So they're bending through this opening. Or they could be bending around the bend as well.

So let's say you're listening to music and you're right over here, that sound wave is

actually going to bend around so you can hear it. Now which waves are you going to hear

bend more easily? Well the high frequency waves, the high pitches will actually move

right through. But the low frequency will actually bend more quickly. And so that's

why when you hear a car coming by and they're listening to really loud music you'll hear

that boom, boom, boom, boom, boom. You hear that low frequency sound because it's diffracted

more readily to get out of the car. But the high pitches or the higher frequency noises,

they don't get diffracted as much. So you don't hear them. Last thing I want to show

you is you can solve simple problems. And so let's say this is a real world example.

Let's say we have a tsunami which is a giant wave in the ocean created by an earthquake.

Let's say it has a wavelength of 210,000 meters. So that's 210 kilometers between waves. That's

a huge wave length. And let's say it has a frequency of 0.00067 hertz. That would be

like 1 wave coming every 25 minutes. Now calculate the speed of the wave. Well how would you

do that? Well we remember our equation, v which is wave speed equals frequency times

wave length. We have to look at our units so we know frequency and it's in hertz and

so we're fine. We know wavelength and that's going to be in meters. And so we're fine.
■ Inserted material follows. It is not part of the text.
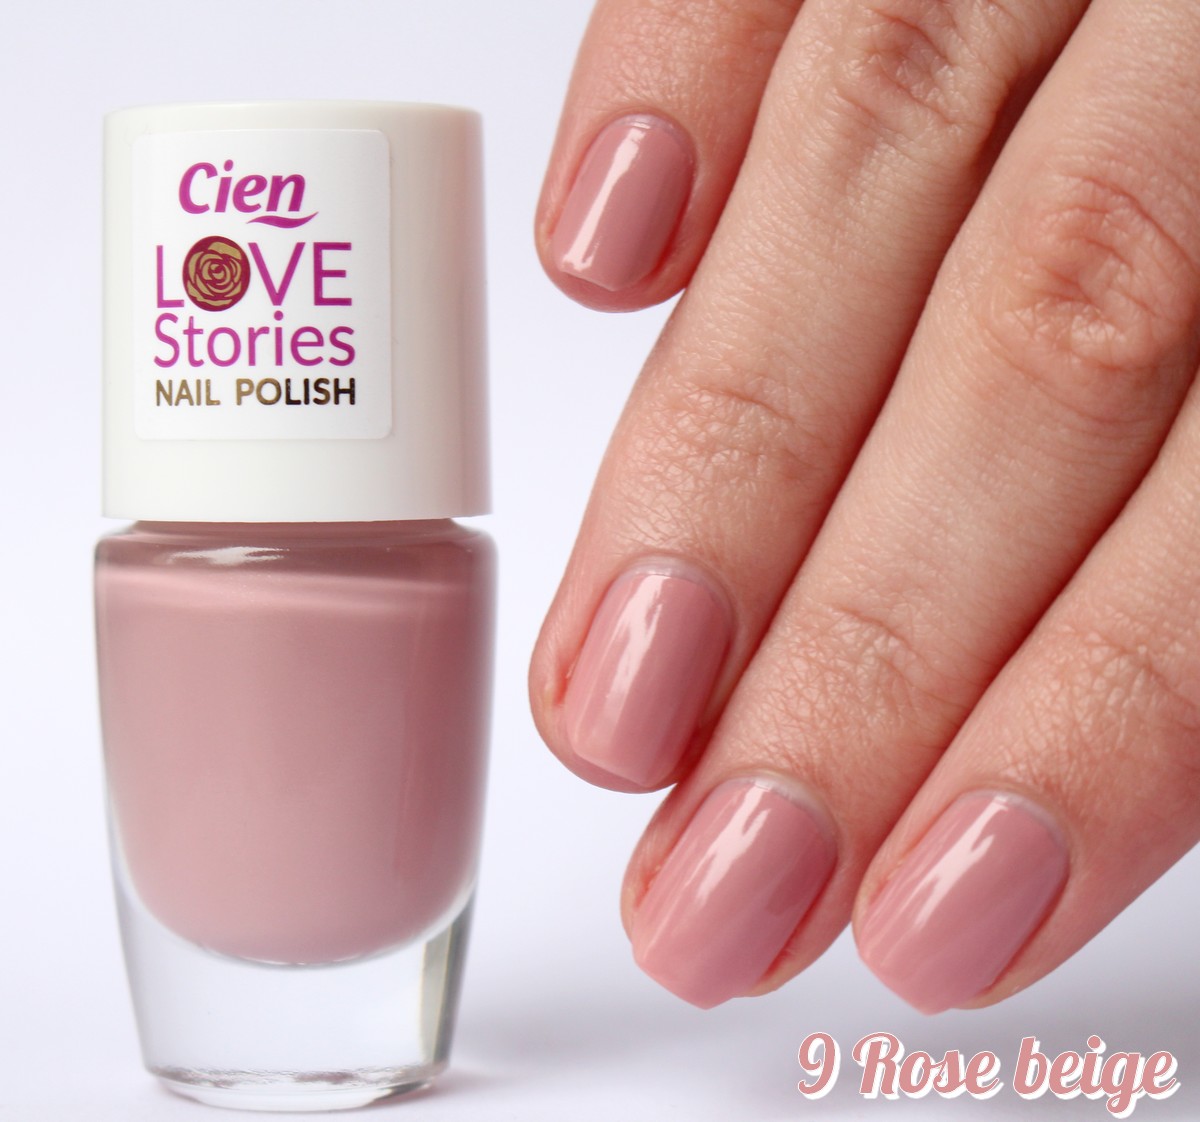 vernis-lidl-cien-love-stories-9-rose-beige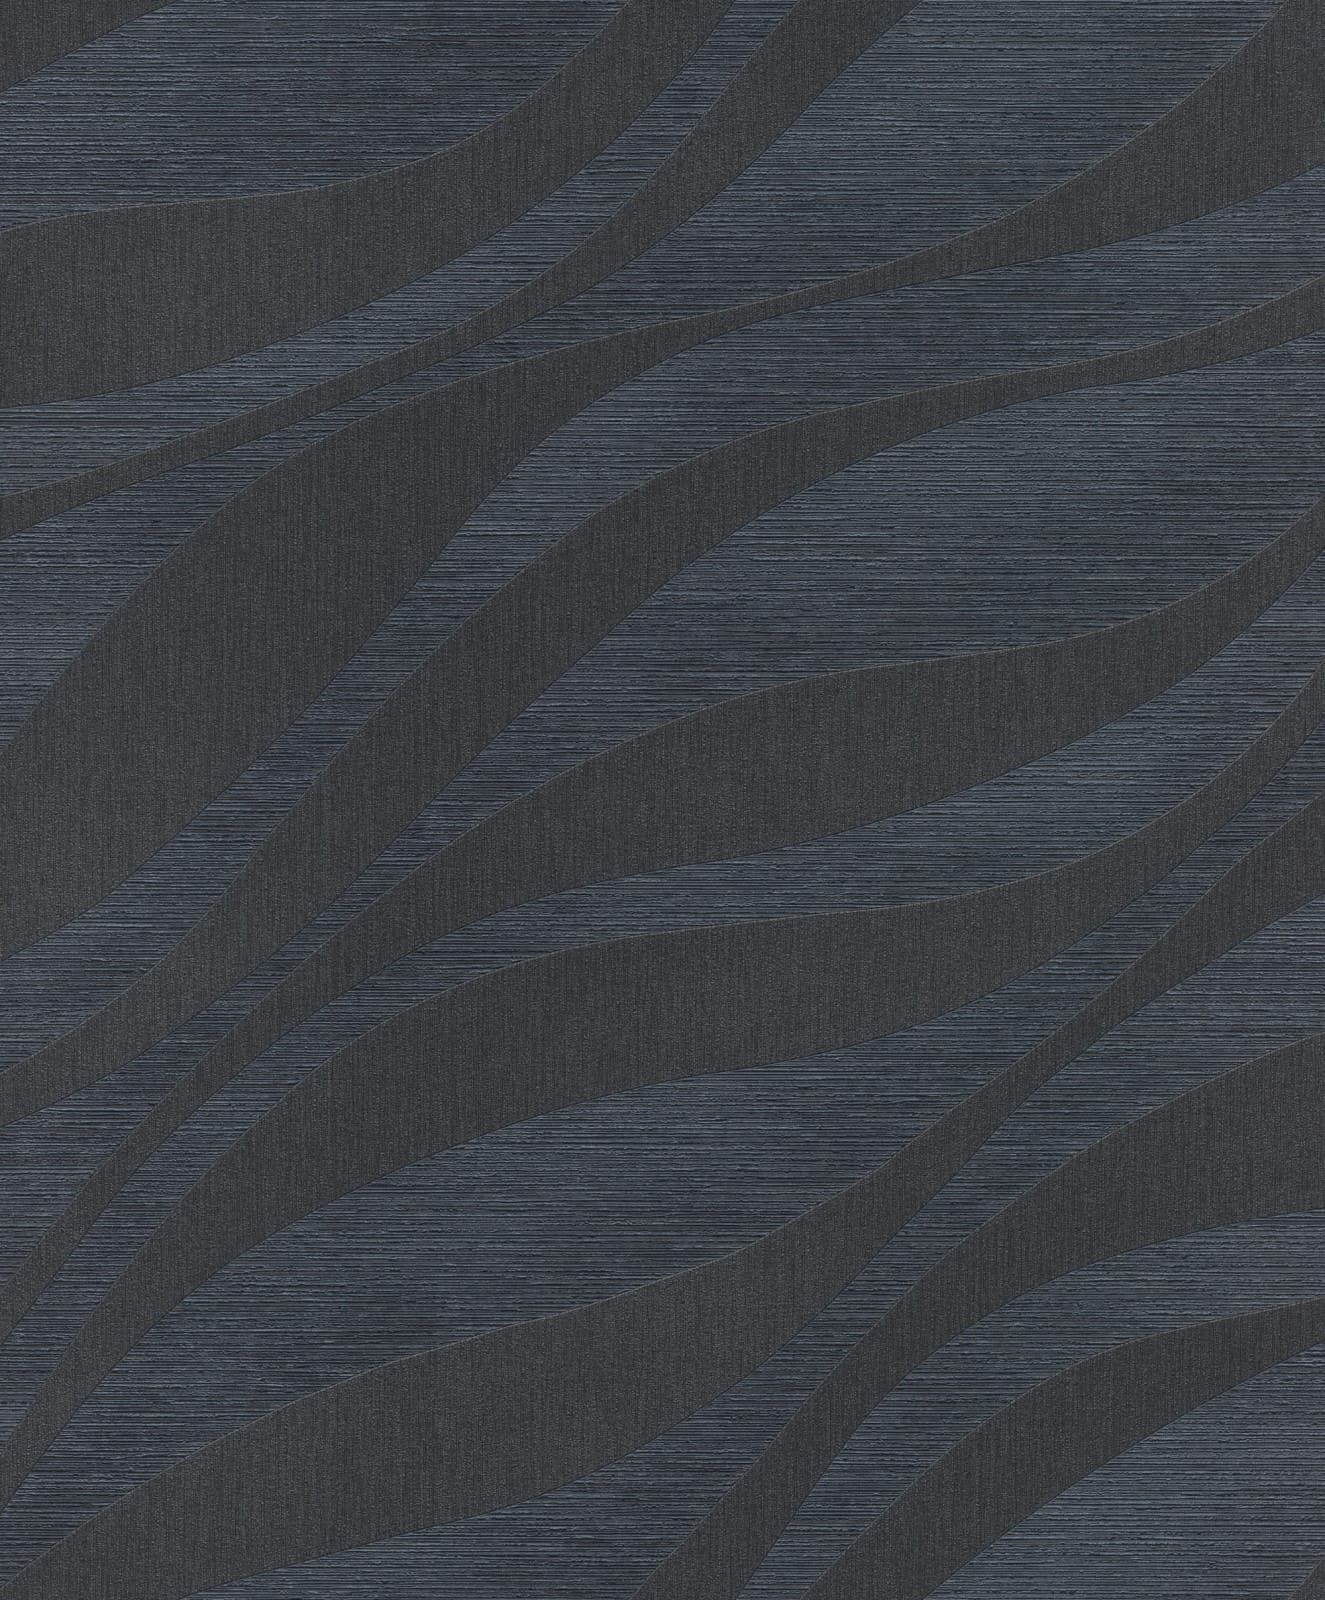 Ταπετσαρία Τοιχου Κύματα σε Μπλε/ Γκρι Χρωματισμούς 608076 0.53cm x 10.05m

So to figure out that the wave's speed, we simply multiply the frequency times the wavelength

to figure out the wave speed. And I did this earlier. When you take 210,000 times 0.00067

what you get is 140, if we do significant digits right. Because both of those have 2

significant digits. 140 meters per second. Now most of us don't understand what meters

per second are. So we can roughly take that times 2.2. And so a tsunami that has that

large of wavelength and that small of frequency is going to move at about 310 miles per hour.

And so these things move really really quickly. And that's why it's important that we know

and get to higher ground when we hear the tsunami warnings going. And so that's waves.

And I hope that's helpful.